VATICAN CITY (AP) — Pope John Paul II's biographer and longtime spokesman sought Friday to defend his record on sex abuse against evidence that he didn't grasp the scale of the scandal until very late in his papacy.
John Paul's record and his support for the founder of the Legion of Christ religious order despite credible allegations he was a pedophile have come under fresh scrutiny in the run-up to the pontiff's canonization Sunday, the fastest in modern times.
Spokesman Joaquin Navarro-Valls and official biographer George Weigel pointed to John Paul's decision in April 2002 - the year the scandal exploded publicly in the U.S. - to summon U.S. cardinals to Rome as evidence he acted decisively once he learned about the problem.
"I think there was an information gap between the United States and the Holy See in the first months of 2002 so that the pope was not living this crisis in real time as we were in the USA," Weigel told a Vatican press conference. "Once he became fully informed in April of that year, he acted decisively to deal with these problems."
Yet U.S. bishops had been petitioning the Holy See for faster ways to defrock pedophile priests since the late 1980s. Then-Cardinal Joseph Ratzinger had asked the Vatican legal office for ways to accelerate the process for the universal church in 1988 because he too was seeing cases piling up.
Ratzinger, who for a quarter century met regularly with John Paul as his chief doctrine czar, finally wrested control of all abuse cases in 2001, making sure his office reviewed them individually to tell bishops how to proceed.

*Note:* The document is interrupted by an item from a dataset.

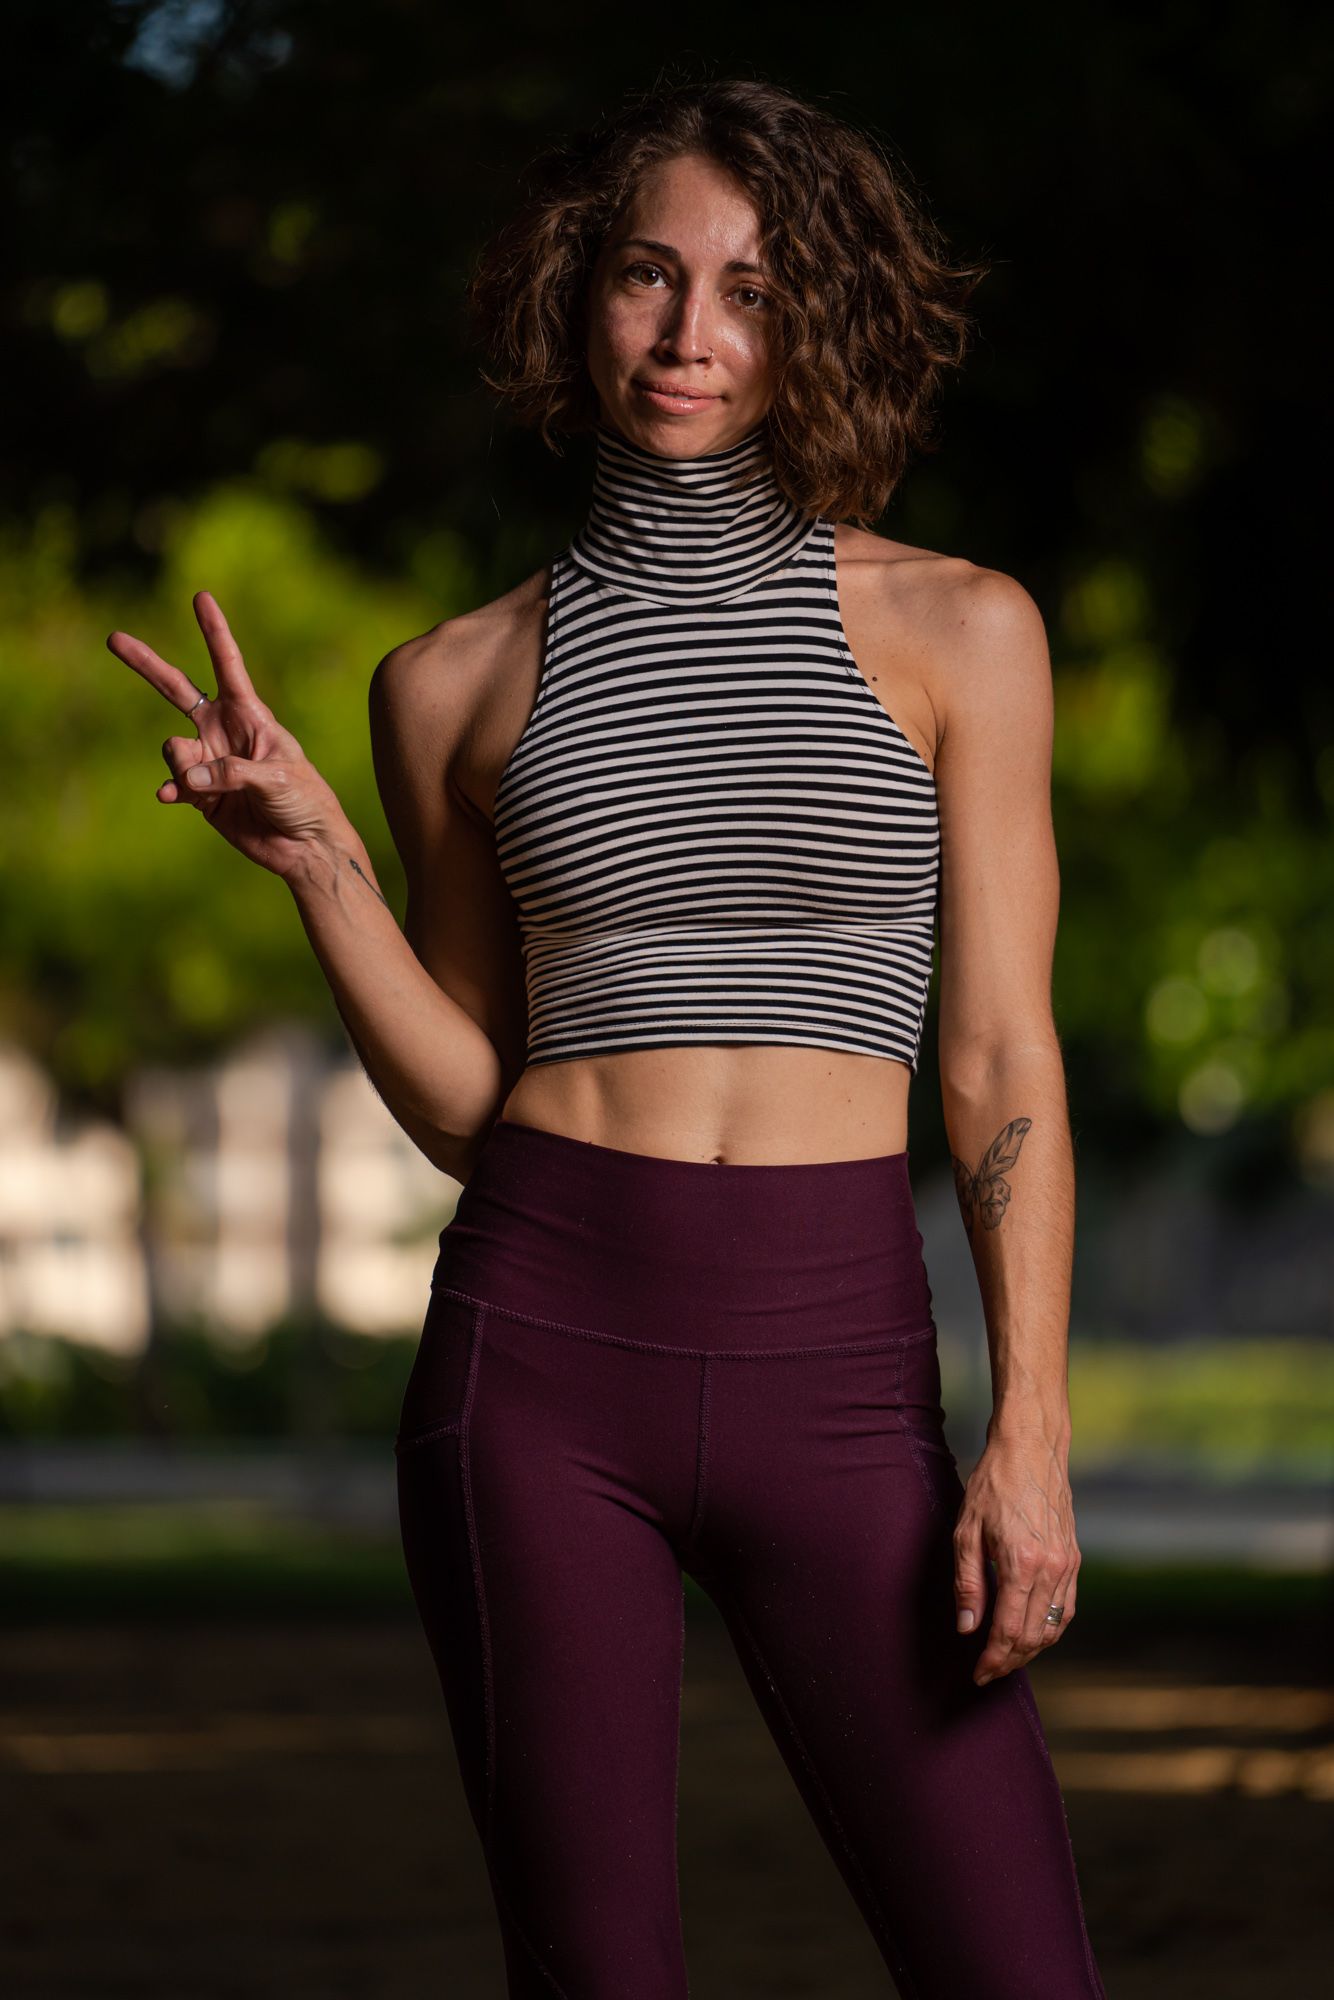 Yoga Teacher and therapist, Maya Weber Hipskind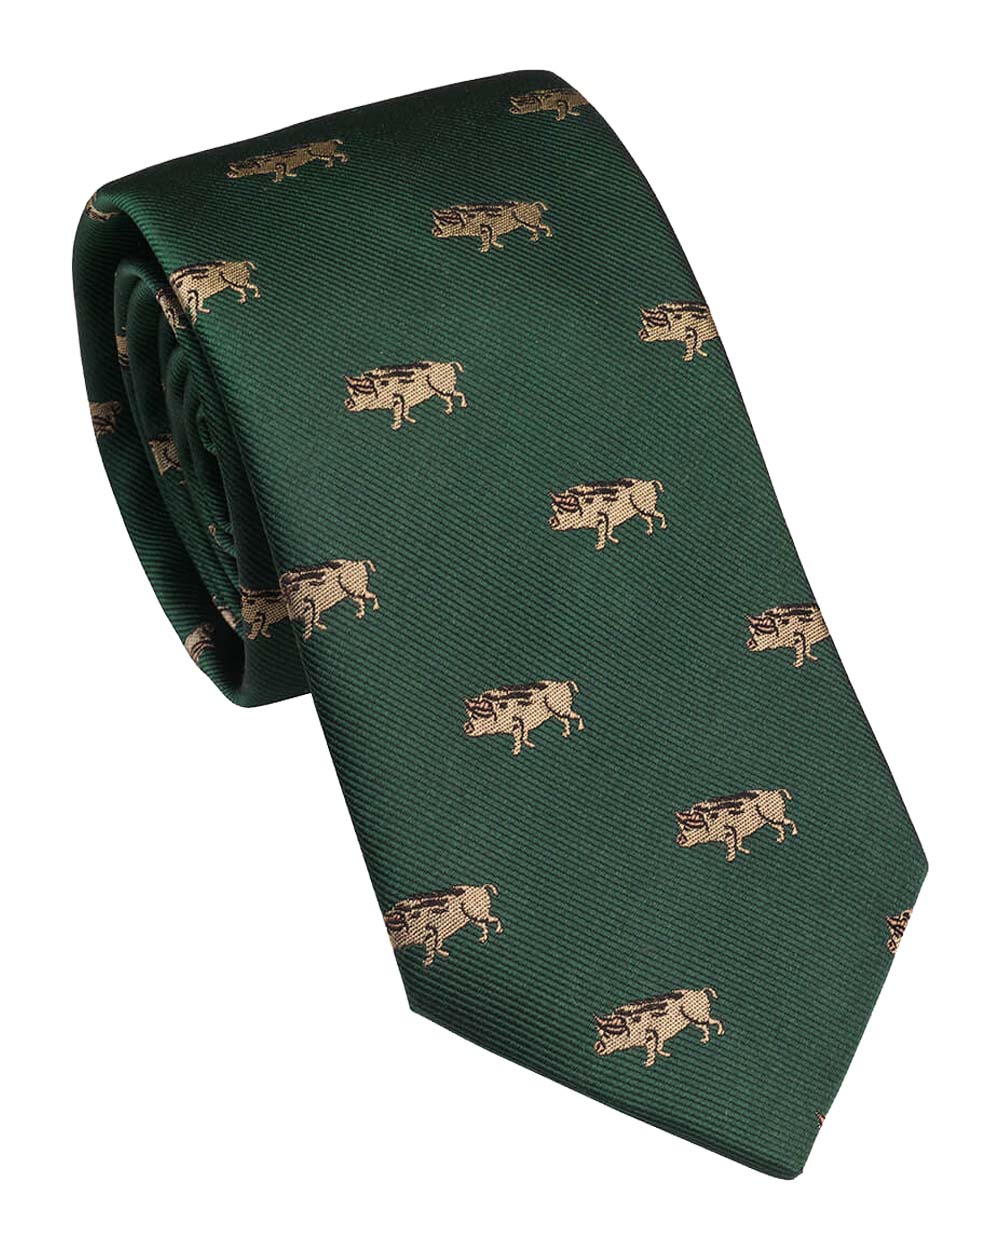 British Racing Green coloured Laksen Wild Boar Tie on White background

In December 2002, John Paul eventually accepted the resignation of Cardinal Bernard Law as archbishop of Boston after church files detailed how he had allowed priests to continue serving after repeated allegations of sexual abuse. But in a sign that he didn't view the resignation as punishment, John Paul then named Law to the prestigious job as archpriest of one of the Vatican's major basilicas in Rome.
Navarro-Valls said John Paul found it difficult to accept that priests might abuse children because of the "purity of his thought." But he said he eventually did accept it.